Reputation: 3051
I am trying to use logistic regression to classify message into 'spam' or 'ham'. I used data source from http://archive.ics.uci.edu/ ml/datasets/SMS+Spam+Collection And I found that TFIDF is the right way to get features from text so I used the TfidfVectorizer from scikit learn and here is my code :
msg_df = pd.read_csv('data/sms', delimiter='\t', header = None)
X_train_data, X_test_data, y_train_data, y_test_data = train_test_split(msg_df[1],msg_df[0])
sms_vectorizer = TfidfVectorizer()
X_train_vector = sms_vectorizer.fit_transform(X_train_data)
X_test_vector = sms_vectorizer.transform(X_test_data)
classifier = LogisticRegression()
classifier.fit(X_train_vector, y_train_data)
sms_predictions = classifier.predict(X_test_vector)
print sms_predictions
for i, prediction in enumerate(sms_predictions[:5]):
print 'Prediction: %s. Message: %s' % (prediction, X_test_data[i])
KeyError Traceback (most recent call last)
<ipython-input-19-b5f57158f320> in <module>()
4 print sms_predictions
5 for i, prediction in enumerate(sms_predictions[:5]):
----> 6 print 'Prediction: %s. Message: %s' % (prediction, X_test_data[i])
/usr/local/lib/python2.7/dist-packages/pandas/core/series.pyc in __getitem__(self, key)
555 def __getitem__(self, key):
556 try:
--> 557 result = self.index.get_value(self, key)
558
559 if not np.isscalar(result):
/usr/local/lib/python2.7/dist-packages/pandas/core/index.pyc in get_value(self, series, key)
1788
1789 try:
-> 1790 return self._engine.get_value(s, k)

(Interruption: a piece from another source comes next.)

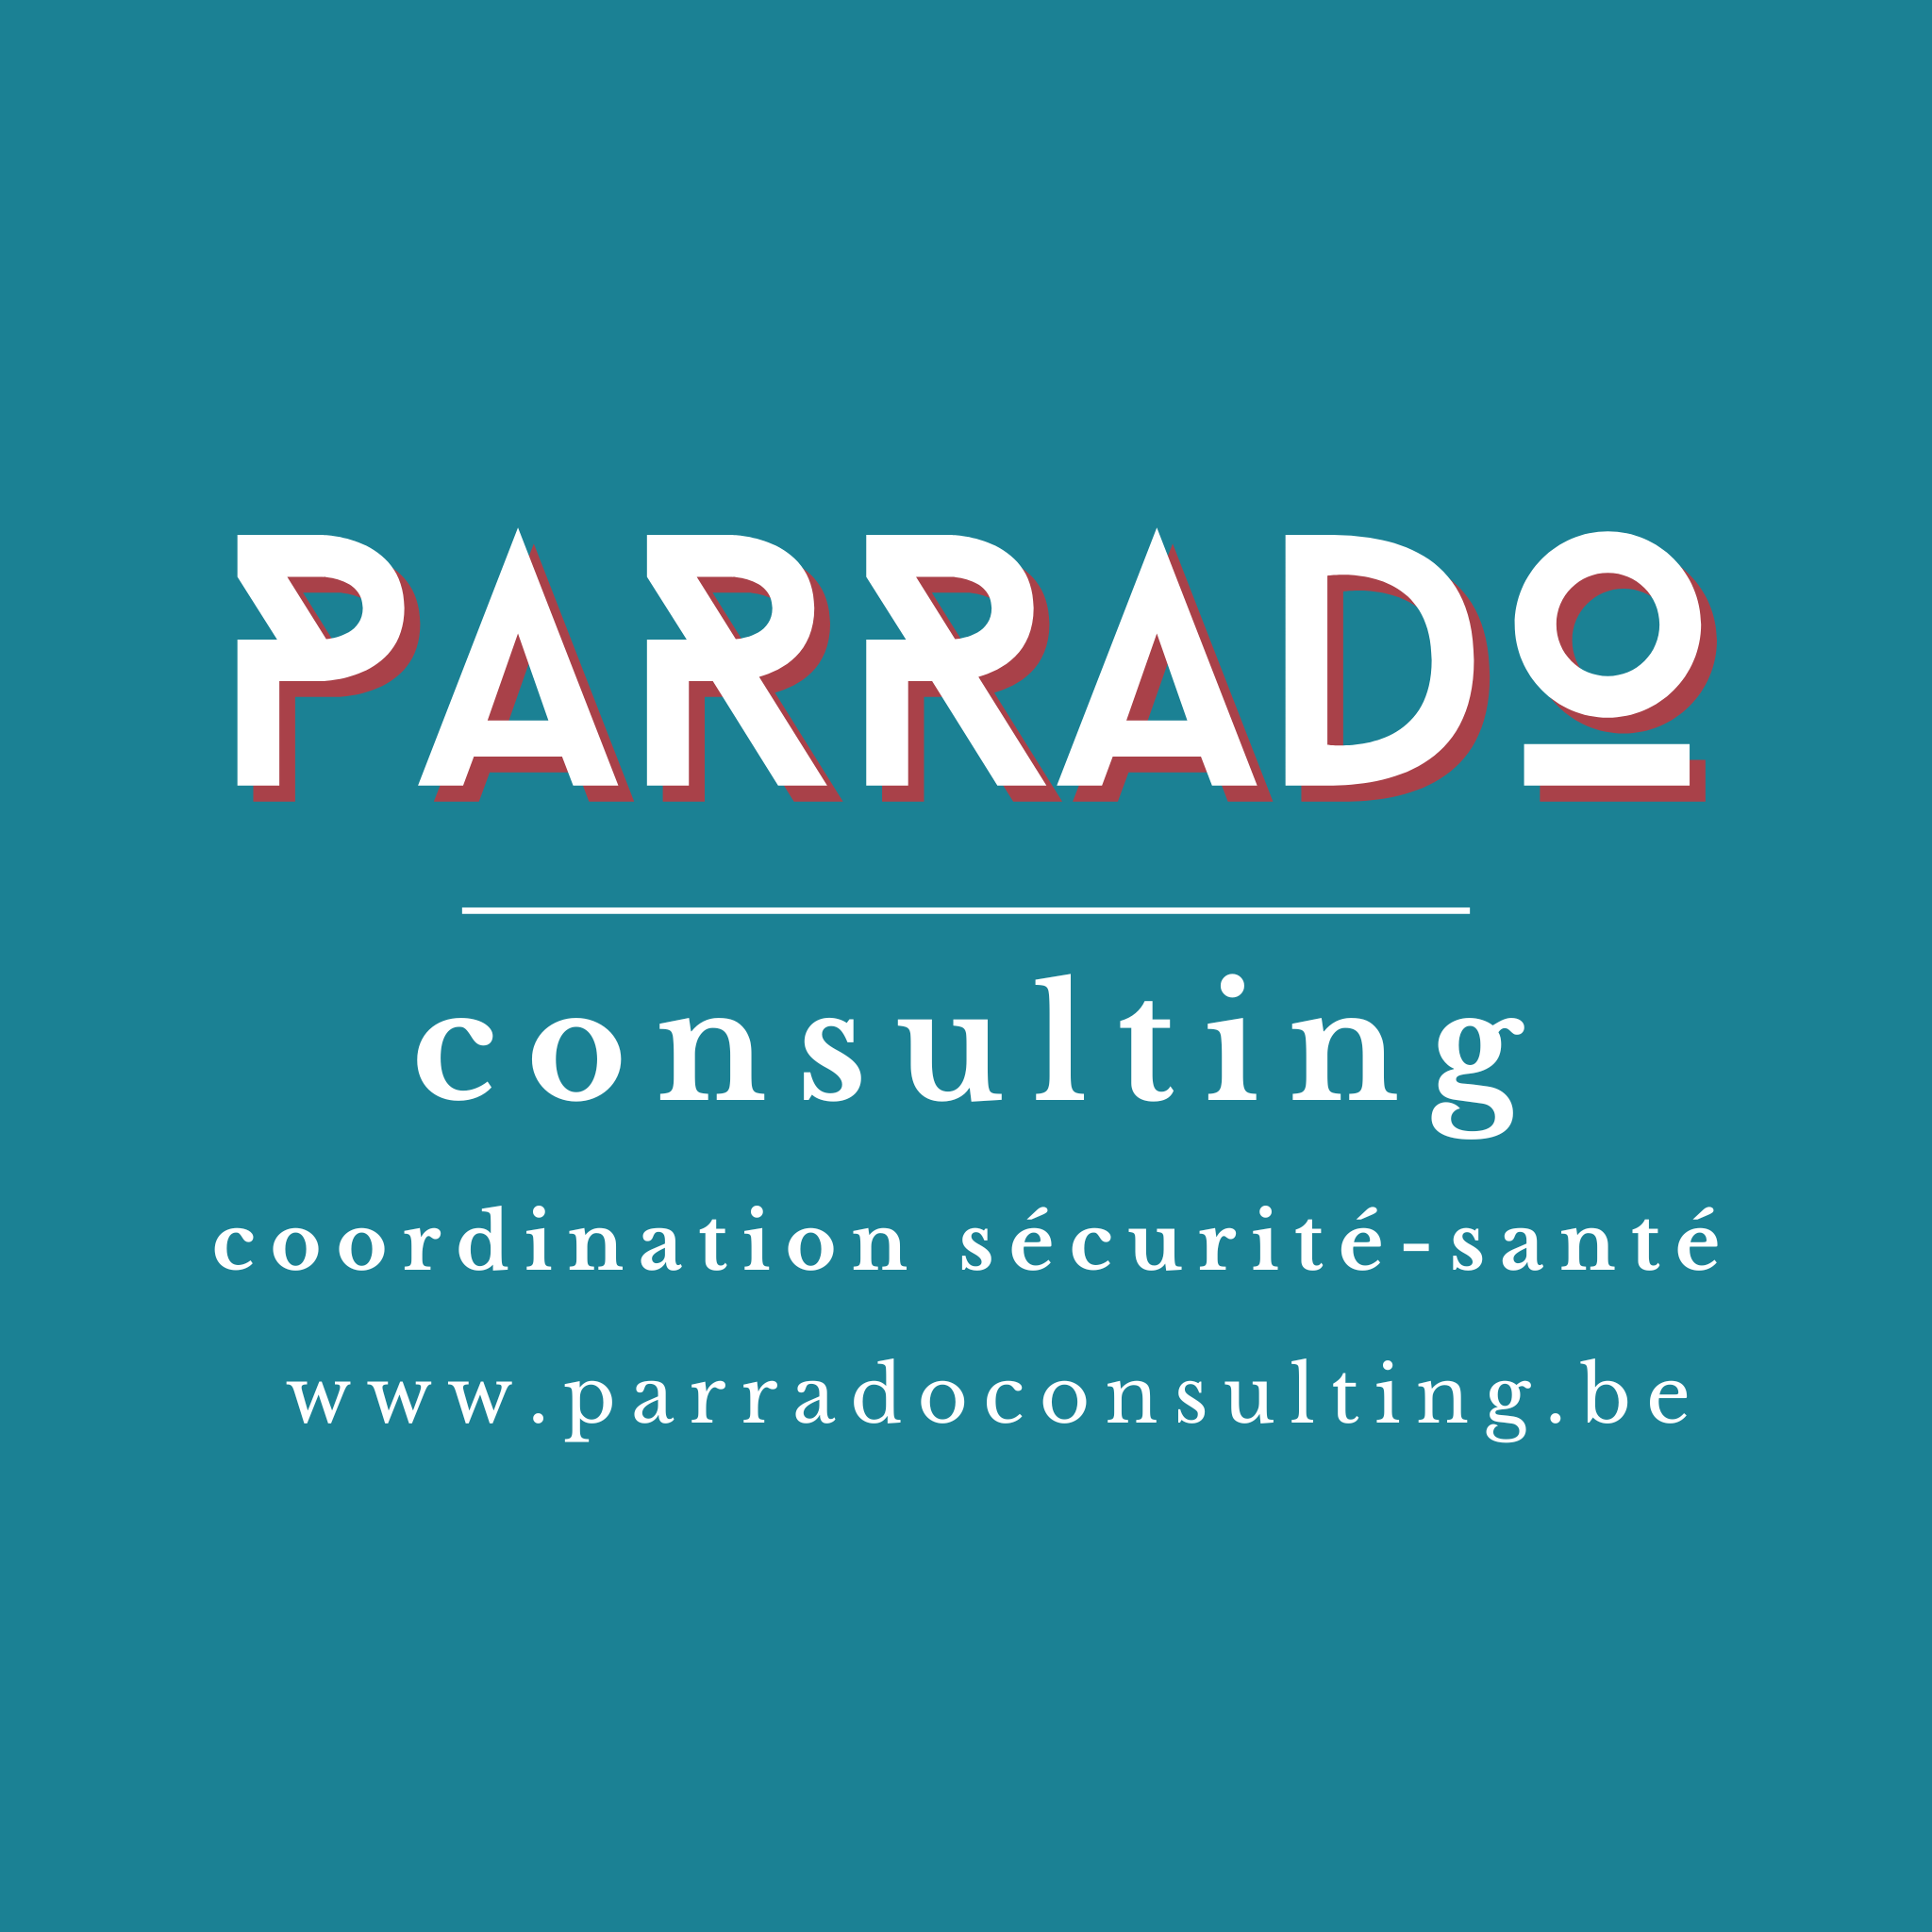 Parrado Consulting

1791 except KeyError as e1:
1792 if len(self) > 0 and self.inferred_type in ['integer','boolean']:
/usr/local/lib/python2.7/dist-packages/pandas/index.so in pandas.index.IndexEngine.get_value (pandas/index.c:3204)()
/usr/local/lib/python2.7/dist-packages/pandas/index.so in pandas.index.IndexEngine.get_value (pandas/index.c:2903)()
/usr/local/lib/python2.7/dist-packages/pandas/index.so in pandas.index.IndexEngine.get_loc (pandas/index.c:3843)()
/usr/local/lib/python2.7/dist-packages/pandas/hashtable.so in pandas.hashtable.Int64HashTable.get_item (pandas/hashtable.c:6525)()
/usr/local/lib/python2.7/dist-packages/pandas/hashtable.so in pandas.hashtable.Int64HashTable.get_item (pandas/hashtable.c:6463)()
KeyError: 0
Upvotes: 1
Views: 1529
Reputation: 25629
Start with this:
print sms_predictions
for i, prediction in enumerate(sms_predictions[:5]):
print i, prediction
#print 'Prediction: %s. Message: %s' % (prediction, X_test_data[i])
Upvotes: 2